The integration of genomic and transcriptomic data provides valuable resources for gene discovery and facilitates the exploration of various aspects of plant growth, secondary metabolism, and physiological processes [39]. Among the DEGs identified, highly expressed and specifically expressed genes were selected as candidate genes involved in leaf movement. For seismonastic movement, the functions of candidate DEGs primarily involved transcription factors and cell-surface proteins. These genes likely mediate signal transduction and play regulatory roles in cell development, activation, growth and motility. For nyctinastic movement, in addition to transcription factors and cell-surface proteins, we also discovered genes associated with water transport and genes belonging to the plant dehydrin family. These genes are likely involved in regulating leaf movement through water flow in and out of cells. Furthermore, we predicted that genes acted in the modification of cell walls via demethylesterification of cell wall pectin in TCL vs.
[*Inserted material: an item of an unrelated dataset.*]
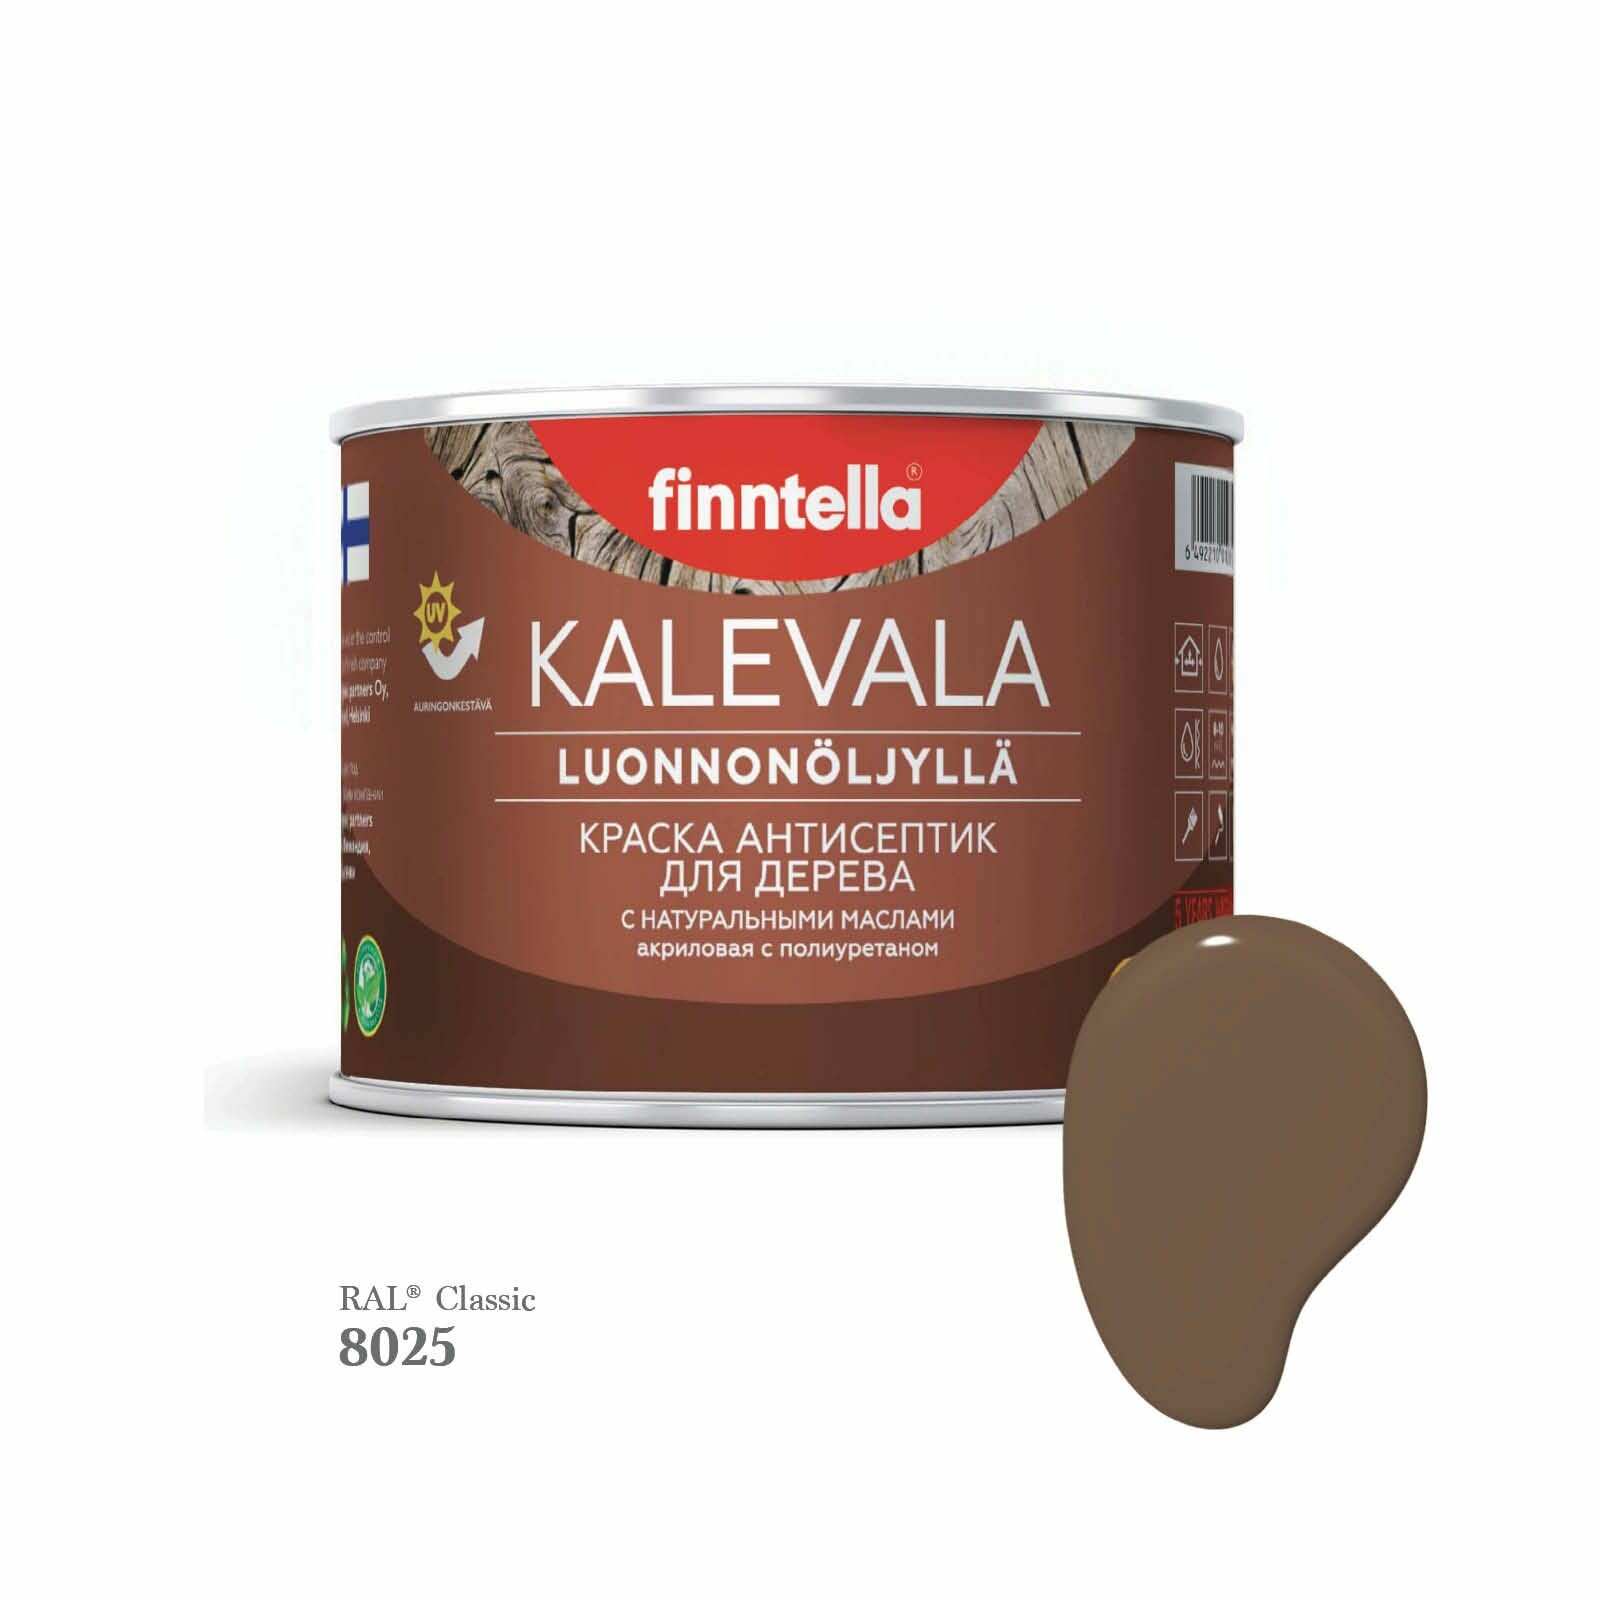 Краска для дерева и деревянных фасадов FINNTELLA KALEVALA, с натуральным маслом и полиуретаном, цвет RAL 8025 Бледно-коричневый (Pale brown), 0,45л

OL DEGs. Similarly, genes related to tubulin and cell wall construction were predicted in NCL vs. OL DEGs. These findings align with previous research showing that actin phosphorylation at tyrosine residues can impact actin filament reorganization, resulting in seismonastic movement in M. pudica [40, 41]. Additionally, alteration in secondary cell wall biosynthesis can affect the physical strength of the lamina joints, leading to changes in the angle of the flag leaf blade in rice [42], suggesting that some genes regulating cell wall formation play a vital role in leaf movement in M. bimucronata.

Leaf movement is a complex process that encompasses various genes, biological processes, and pathways, serving as a plant's response to external stimuli [43, 44]. Ca2+ has been recognized as a crucial messenger, playing a vital role in plant stress responses through calcium-dependent signaling pathways [11, 45]. In plant cells, three main types of sensors receive Ca2+ signals, including calmodulin (CaM/CAM) and CaM-like (CML) proteins, calcium-dependent protein kinases (CDPKs/CPKs), calcineurin B-like proteins (CBL) and CBL-interacting protein kinases (CIPKs) [46]. Among them, CaM and CMLs function as signal molecules in signal transduction and response to environmental stimuli. Notably, GsCML27, a Ca2+-binding EF-hand protein, has been demonstrated to play a role in plant responses to bicarbonate, salt, and osmotic stresses [47].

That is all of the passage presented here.